--- Data shown Enclosed Below ---

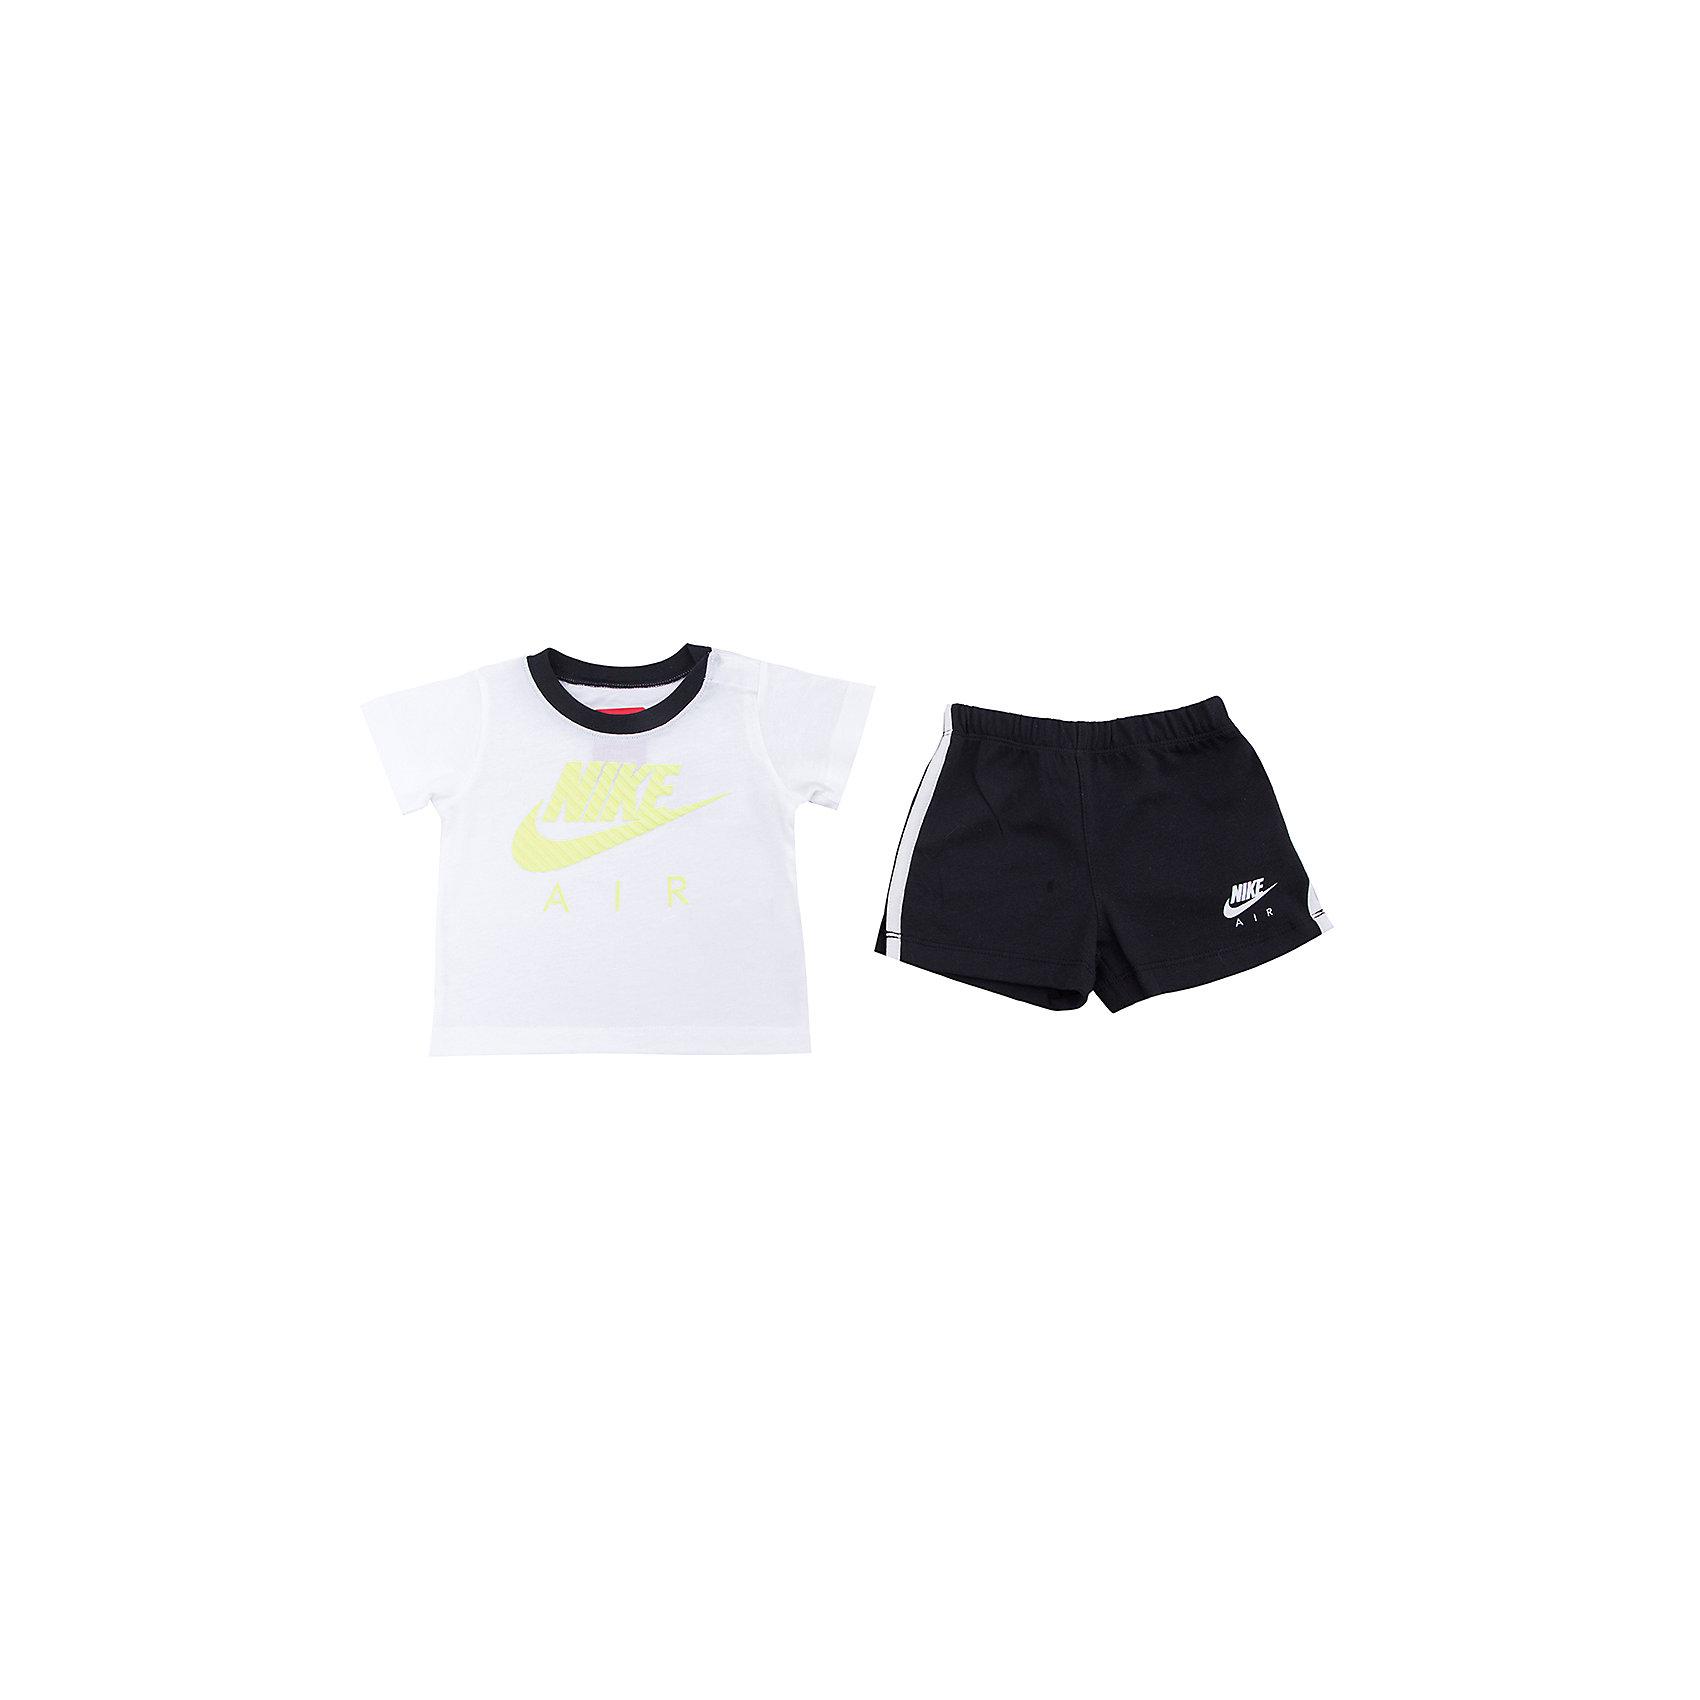 Комплект для мальчика: футболка и шорты HBR MIXED SET INF NIKEКомплект для мальчика: футболка и шорты HBR MIXED SET INF NIKE Состав: 100% хлопок<br><br>Ширина мм: 199<br>Глубина мм: 10<br>Высота мм: 161<br>Вес г: 151<br>Цвет: белый<br>Возраст от месяцев: 3<br>Возраст до месяцев: 6<br>Пол: Мужской<br>Возраст: Детский<br>Размер: 68/74,92/98,74,86/92,74/80,80/86<br>SKU: 4067374
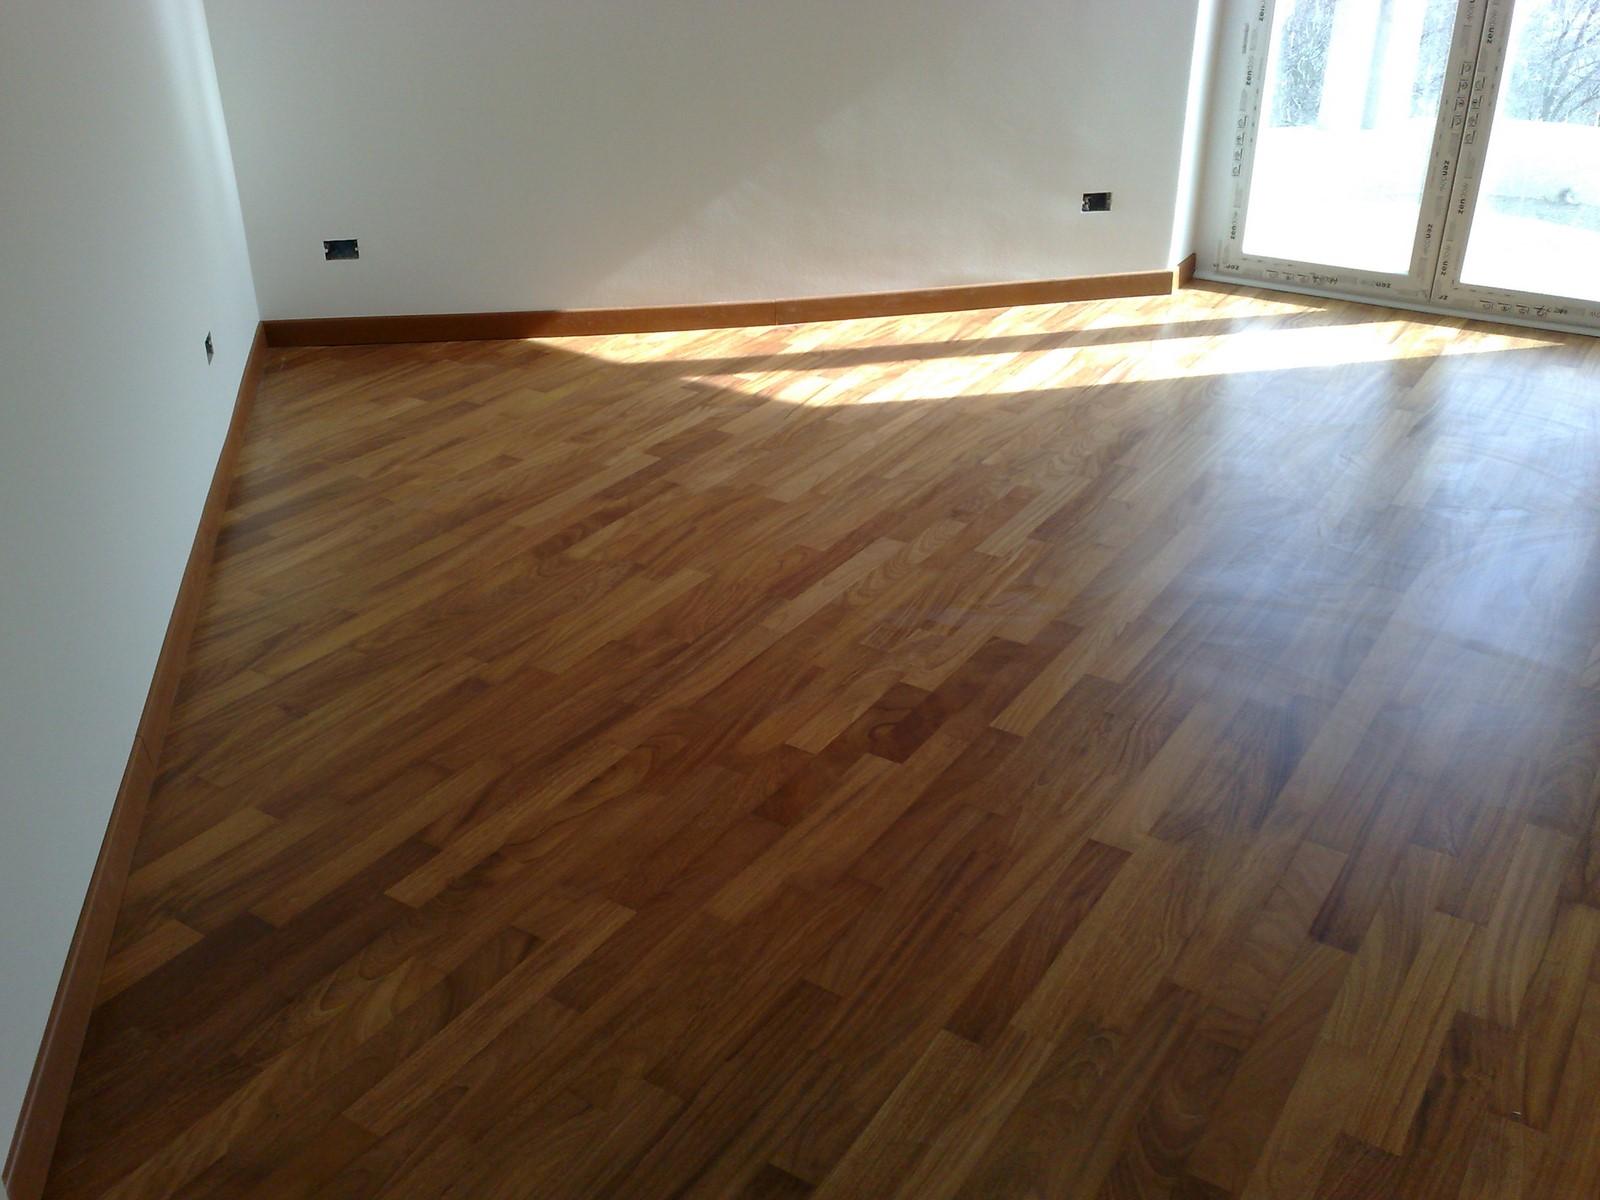 Camera da letto con pavimento realizzato in parquet - Pavimento camera da letto ...
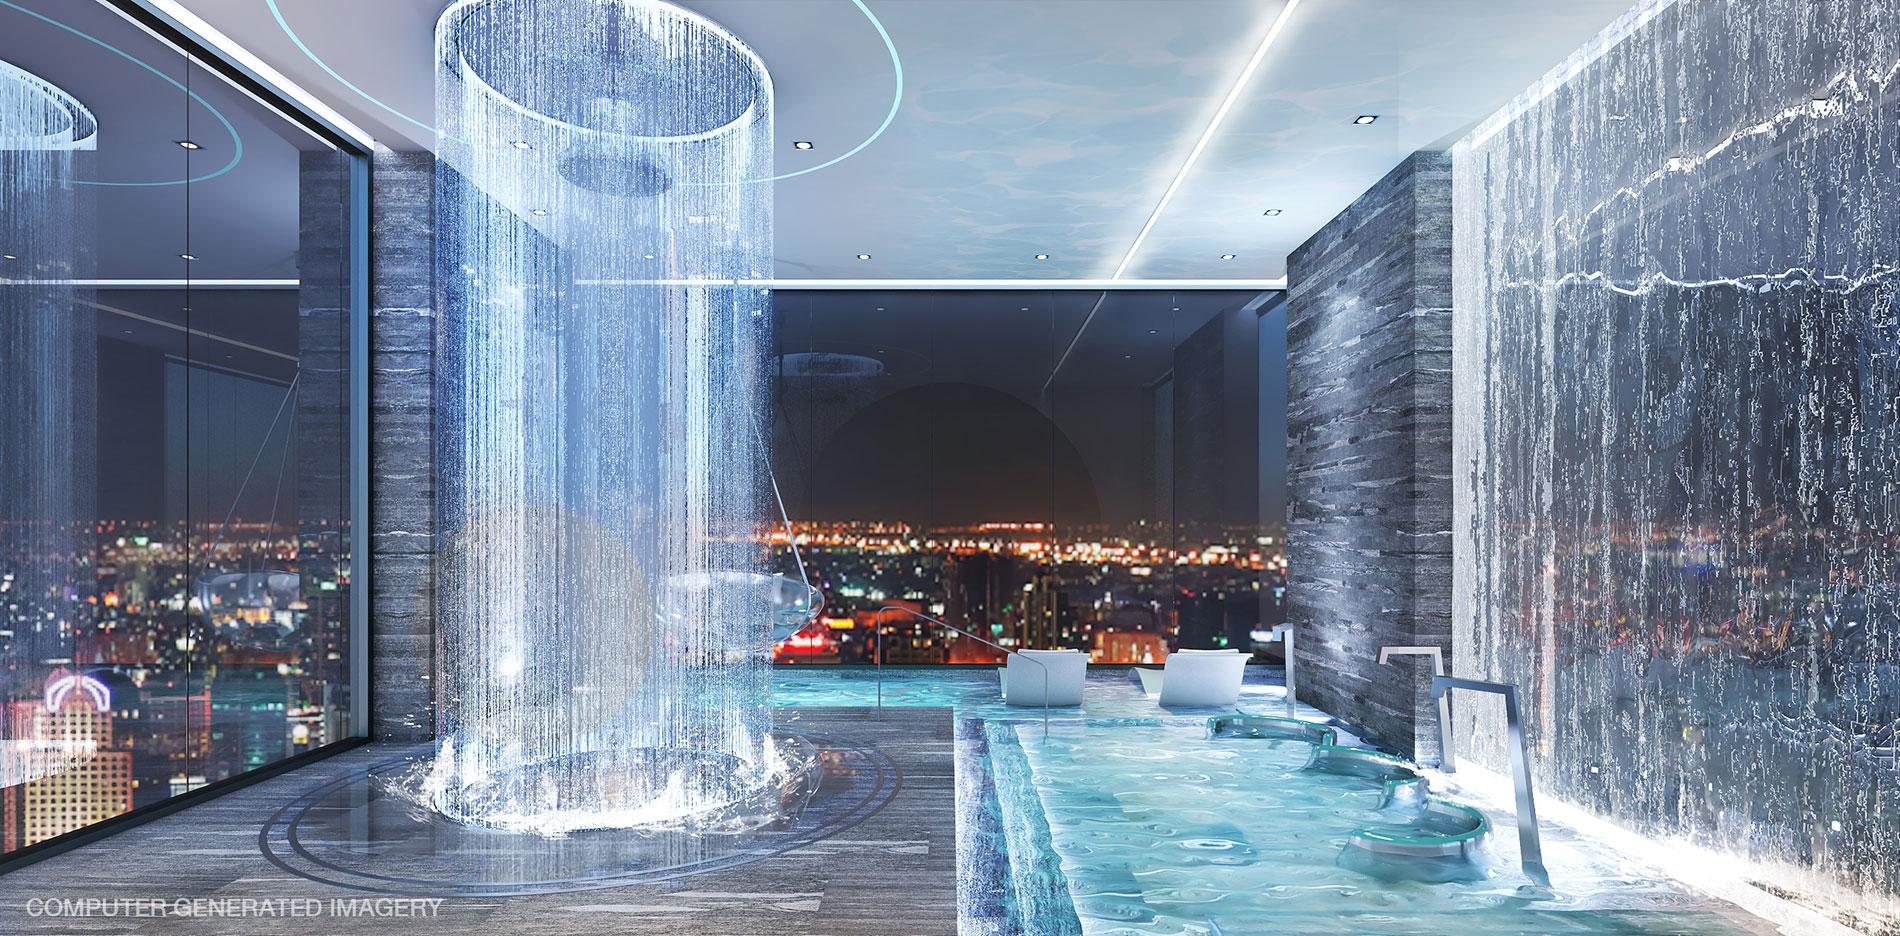 Building C: Aqua Lounge ให้คุณผ่อนคลาย ท่ามกลางสายน้ำ ที่ปรับอุณหภูมิให้เหมาะกับร่างกายของคุณ
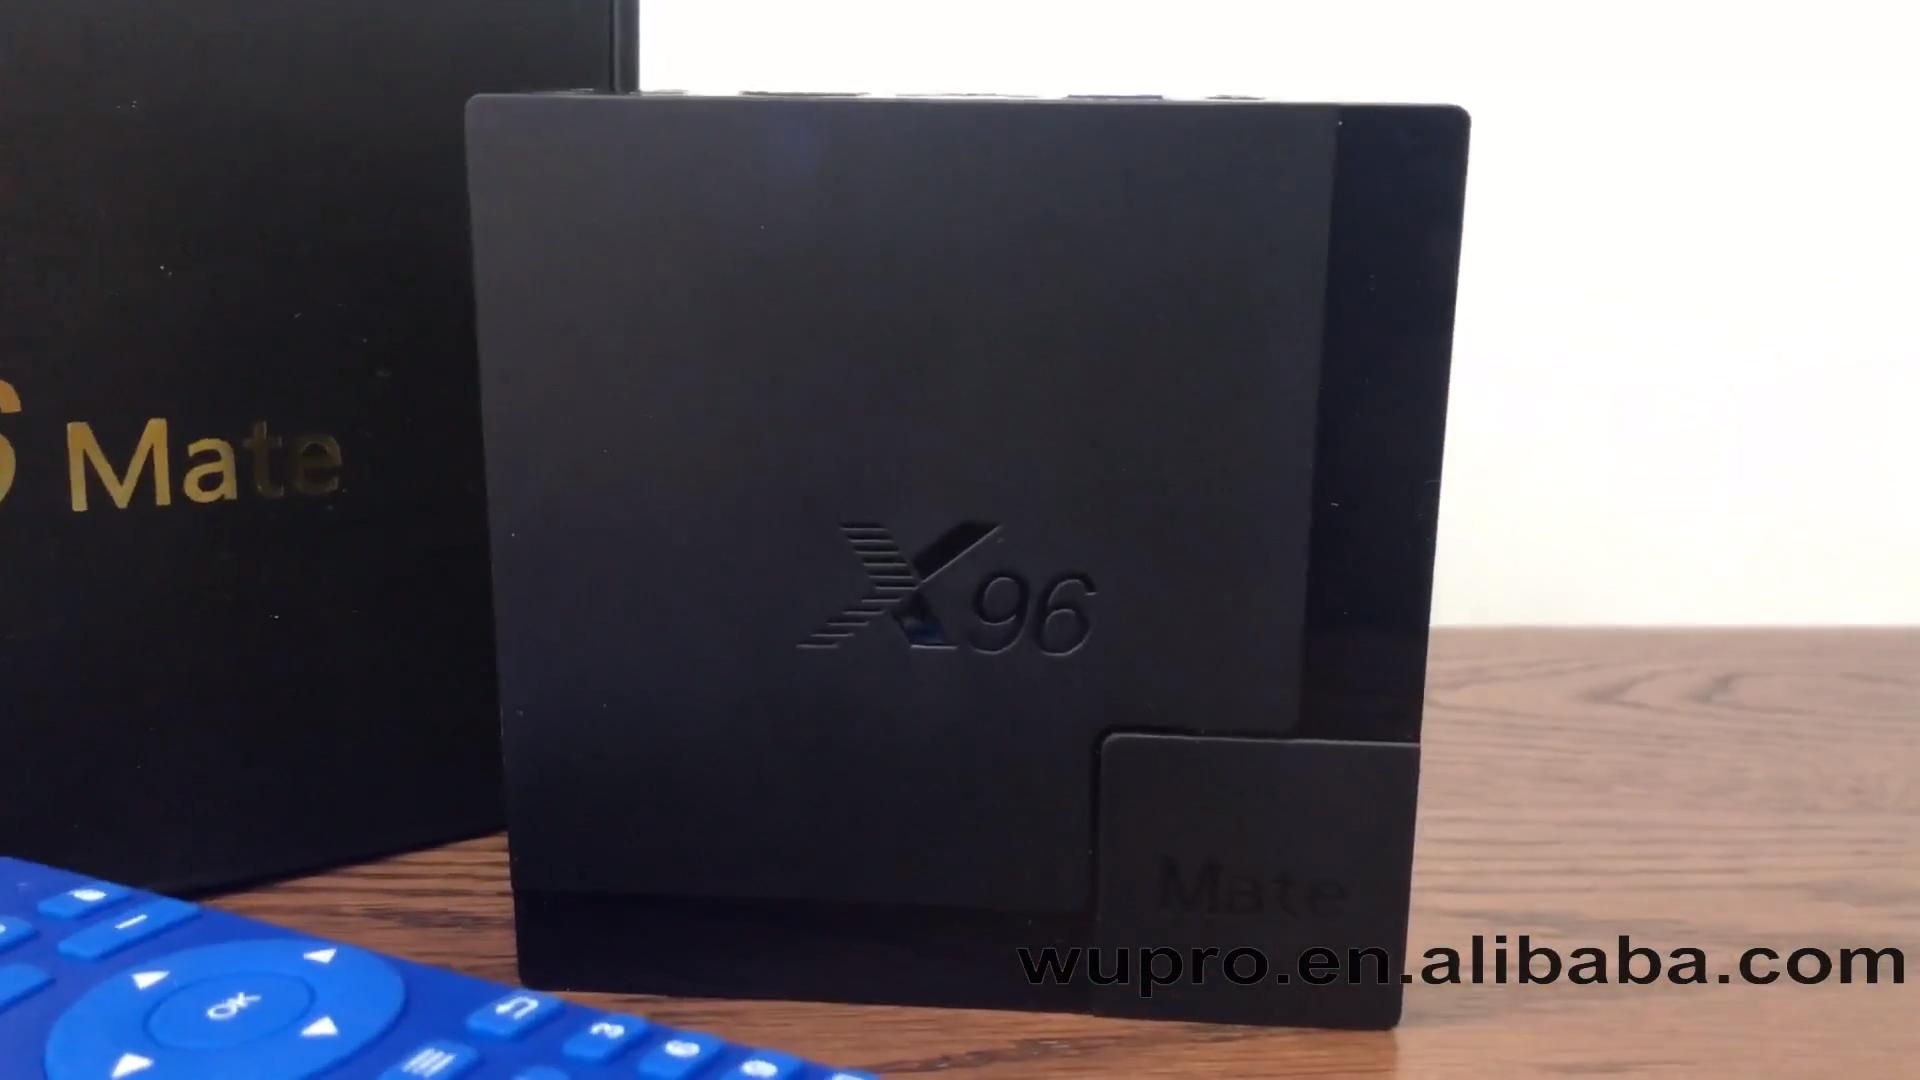 ТВ-приставка Wupro tvbox x96 10,0 android 4g lte x96 mate

--- End of Enclosed Data shown ---

■ Exercise instructions ■
All lines from the one containing "Camera da letto con" to the last line of the data above, both included, should be printed exactly, and the pictures should not appear.

■ Solution to the exercise ■
 Camera da letto con pavimento realizzato in parquet - Pavimento camera da letto ...
 Building C: Aqua Lounge ให้คุณผ่อนคลาย ท่ามกลางสายน้ำ ที่ปรับอุณหภูมิให้เหมาะกับร่างกายของคุณ
 ТВ-приставка Wupro tvbox x96 10,0 android 4g lte x96 mate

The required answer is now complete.